The chief financial officer at the Ukrainian state-owned railway company Ukrzaliznytsya, Andriy Ryazantsev, has said that rail freight transport demonstrated a 12-per-cent growth under the company's new CEO Wojciech Balczun. Ryazantsev was speaking at a roundtable in Gorshenin Institute in response to Infrastructure Minister Volodymyr Omelyan's criticism of Balczun.
According to Ukrzaliznytsya's reports, that Ukrainian railways transported over 181m tonnes of cargo, which is a 12-per-cent increase over the first half of the year. They serviced a total of 222.5m passengers, which marks a 2.8-per-cent increase over the same period.
"Preliminary figures for January 2017 show that cargo transit grew by 25.9 per cent, while passenger transport went 2 per cent up over the same month last year," the Ukrzaliznytsya CFO said.
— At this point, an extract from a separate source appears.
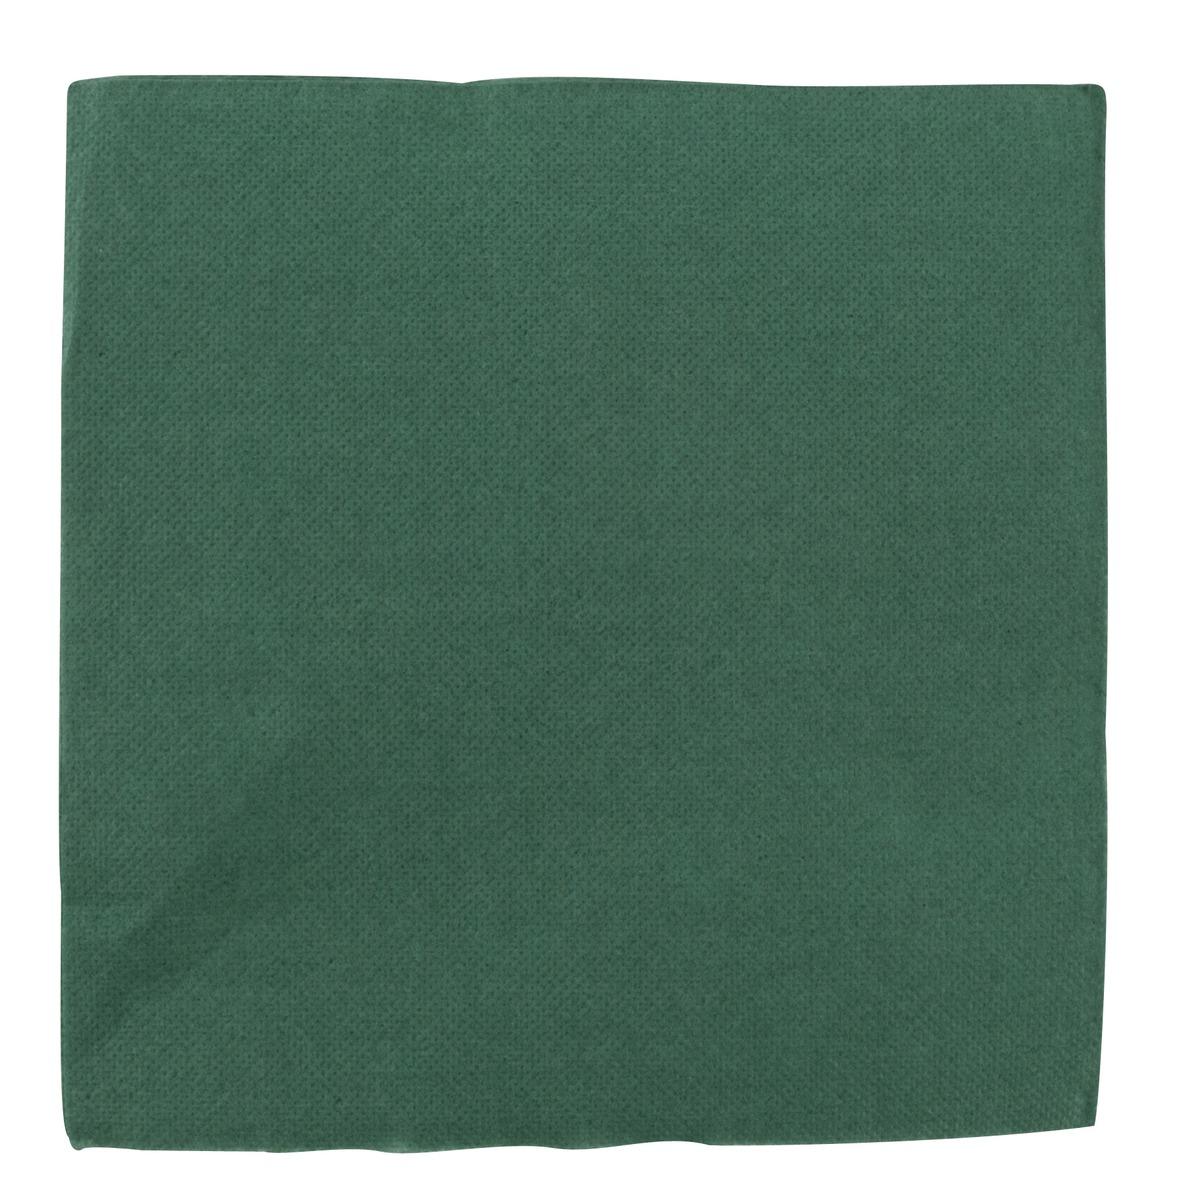 Lot de 40 serviettes en papier - 38 x 38 cm - Vert sapin
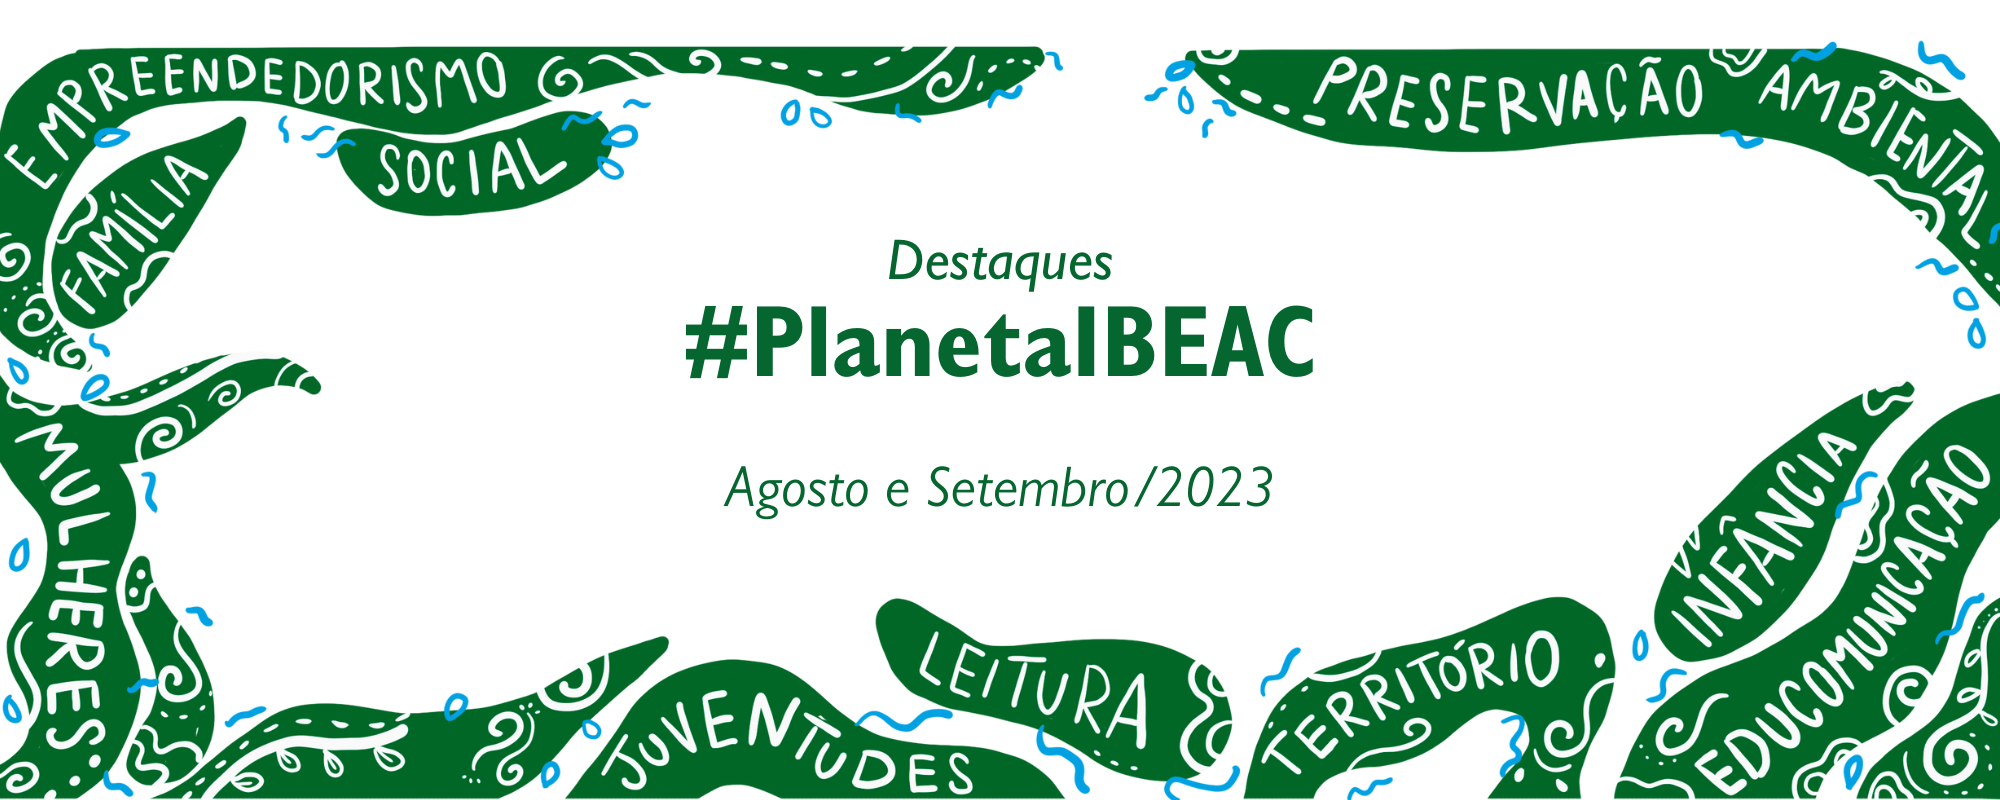 Destaques #PlanetaIbeac | Agosto e Setembro/2023

Ryazantsev also recalled that, for the first time in years, Ukrzaliznytsya posted a net profit of over 300m hryvnyas, a considerable improvement over 2015 when it reported the losses of 683m hryvnyas, and 1.2bn hryvnyas in losses in 2014.
Omelyan responded by saying that the figures posted by Ukrzaliznytsya in 2016 were solely thanks to an increase in tariffs.
In mid-January, Infrastructure Minister Volodymyr Omelyan in an angered exchange said he had voted against appointing Wojciech Balczun as Ukrzaliznytsya chief. Omelyan criticized his performance, calling the Polish manager a "whimsical showman" and a "straw man". The scandal broke lose after the government decided to overtake control of Ukrzaliznytsya from the Infrastructure Ministry.
Balczun in response accused Omelyan of sabotaging Ukrzaliznytsya "at the highest ministerial level" and stressed that "only a blind man" may refuse to admit the recent success of Ukrzaliznytsya.
Polish top manager Wojciech Balczun, a former CEO at the Polish Railways PKP Cargo, was appointed head of the Ukrainian railways in the spring of 2016.